Intuition behind logistic regression

Question

Recently I began studying machine learning, however I failed to grasp the intuition behind logistic regression.

The following are the facts about logistic regression that I understand.

1. As the basis for hypothesis we use sigmoid function. I do understand why it's a correct choice, however why it's the only choice I don't understand. Hypothesis represents the probability that the appropriate output is $1$, therefore the domain of our function should be $[0,1]$, this is the only property of sigmoid function I found useful and appropriate here, however many functions satisfy this property. In addition, sigmoid function has a derivative in this form $f(x)(1-f(x))$, but I don't see the utility of this special form in logistic regression.

   Question: what so special about sigmoid function, and why we cannot use any other function with domain $[0,1]$?

2. The cost function consists of two parameters ${\rm Cost}(h_{\theta}(x),y)=-\log(h_{\theta}(x))$ if $y=1, {\rm Cost}(h_{\theta}(x),y)=-\log(1-h_{\theta}(x))$ if $y=0$. In the same was as above, I do understand why it's correct, however why is it the only form? For example, why couldn't $|h_{\theta(x)}-y|$ be a good choice for the cost function?

   Question: what is so special about the above form of cost function; why cannot we use another form?

I would appreciate if you could share your understanding of logistic regression.

Answer 1

The logistic regression model is maximum likelihood using the natural parameter (the log-odds ratio) to contrast the relative changes in the risk of the outcome per unit difference in the predictor. This is assuming, of course, a binomial probability model for the outcome. That means that the consistency and robustness properties of logistic regression extend directly from maximum likelihood: robust to missing at random data, root-n consistency, and existence and uniqueness of solutions to estimating equations. This is assuming the solutions are not on the boundaries of parameter space (where log odds ratios are $\pm \infty$). Because logistic regression is maximum likelihood, the loss function is related to the likelihood, since they're equivalent optimization problems.

With quasilikelihood or estimating equations (semiparametric inference), existence, uniqueness properties still hold but the assumption that the mean model holds is not relevant and the inference and standard errors are consistent regardless of model misspecification. So in this case, it's not a matter of whether the sigmoid is the correct function, but one that gives us a trend that we can believe in and is parameterized by parameters that have an extensible interpretation.

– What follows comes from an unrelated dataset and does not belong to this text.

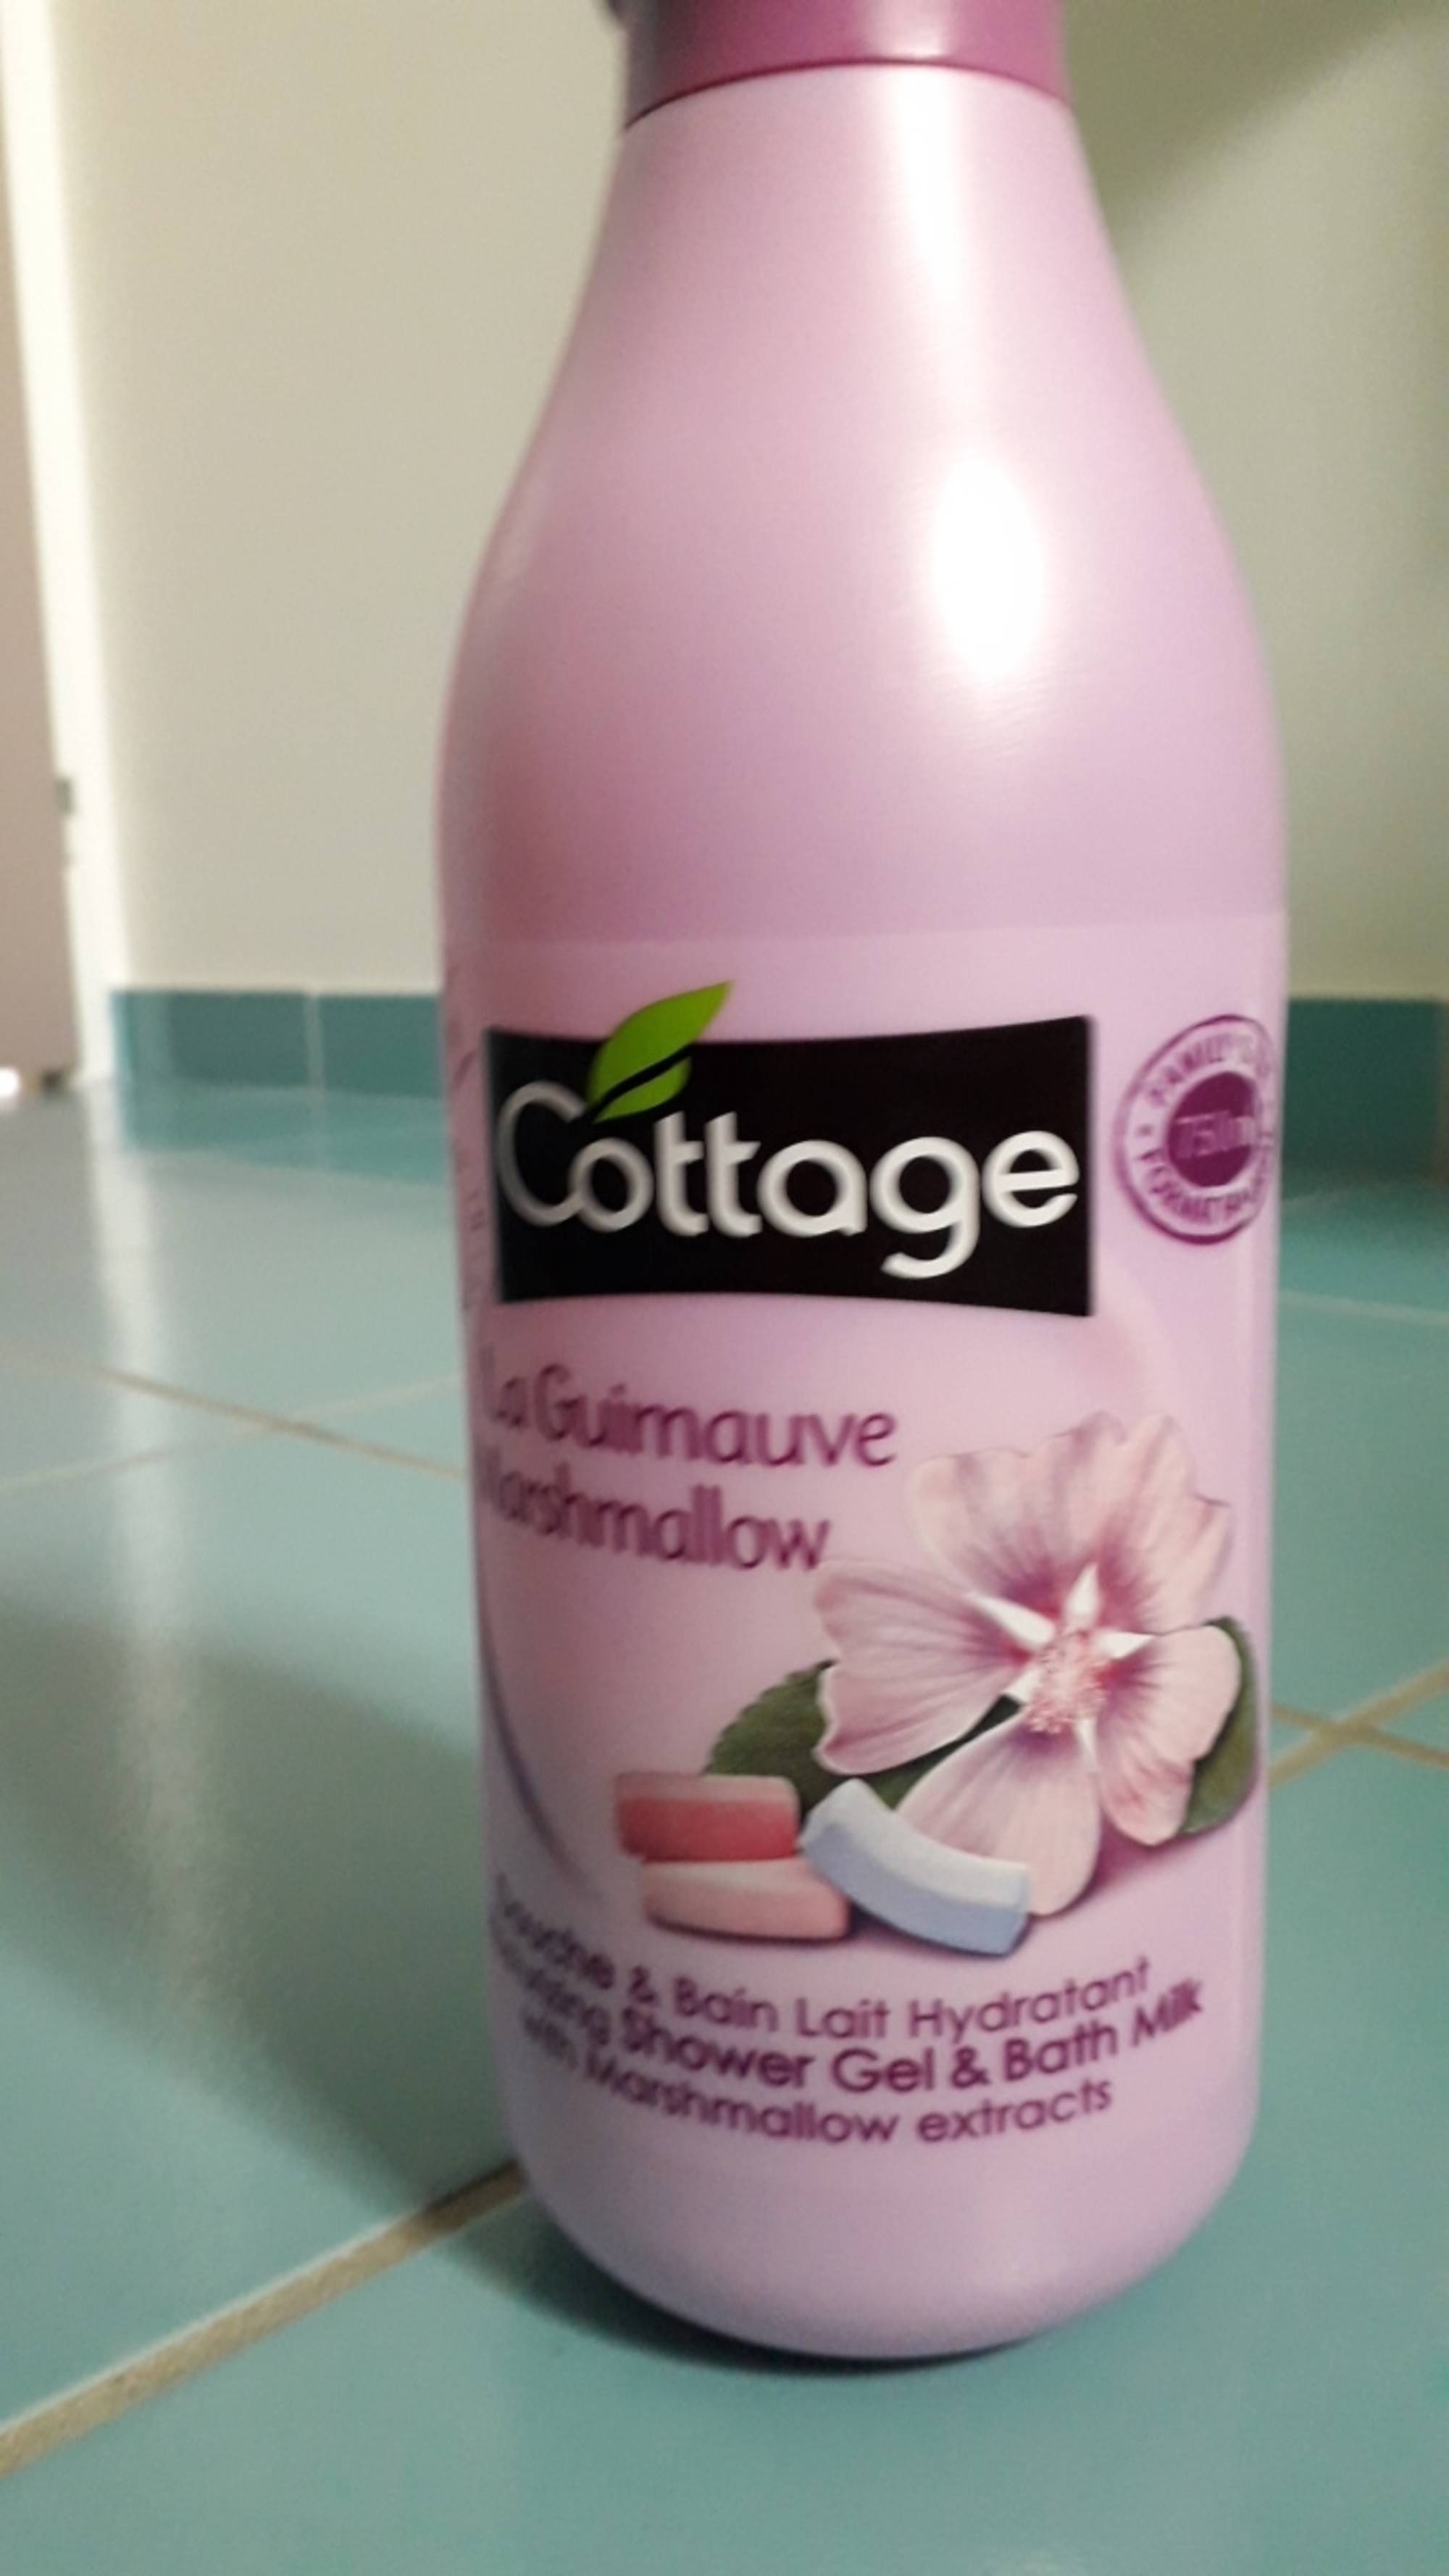 Cottage Douche Lait Hydratant - Douce Guimauve - INCI Beauty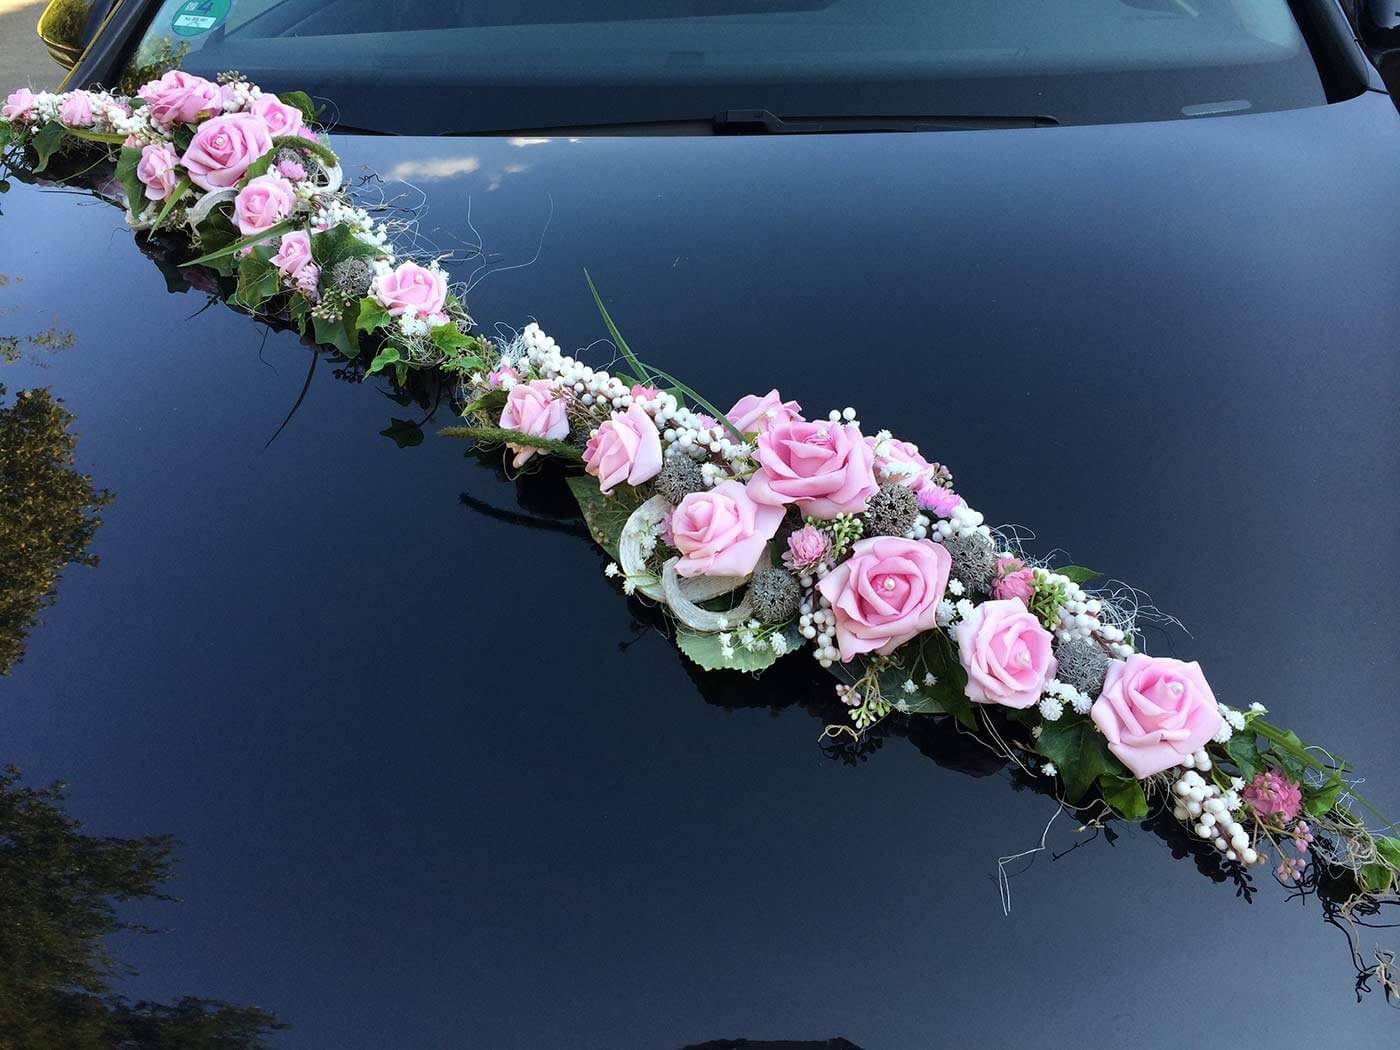 Autoschmuck zur Hochzeit aus Rosen

The sigmoid, however, is not the only such binary modeling function around. The most commonly contrasted probit function has similar properties. It doesn't estimate log-odds ratios, but functionally they look very similar and tend to give very similar approximations to the exact same thing. One need not use boundness properties in the mean model function either. Simply using a log curve with a binomial variance function gives relative risk regression, an identity link with binomial variance gives additive risk models. All this is determined by the user. The popularity of logistic regression is, sadly, why it's so commonly used. However, I have my reasons (the ones that I stated) why I think it's well justified for it's use in most binary outcome modeling circumstances.

In the inference world, for rare outcomes, the odds ratio can be roughly interpreted as a "relative risk", i.e. a "percent relative change in the risk of outcome comparing X+1 to X". This isn't always the case and, in general, an odds ratio cannot and should not be interpreted as such. However, that parameters have interpretation and can be easily communicated to other researchers is an important point, something sadly missing from the machine learnists' didactic materials.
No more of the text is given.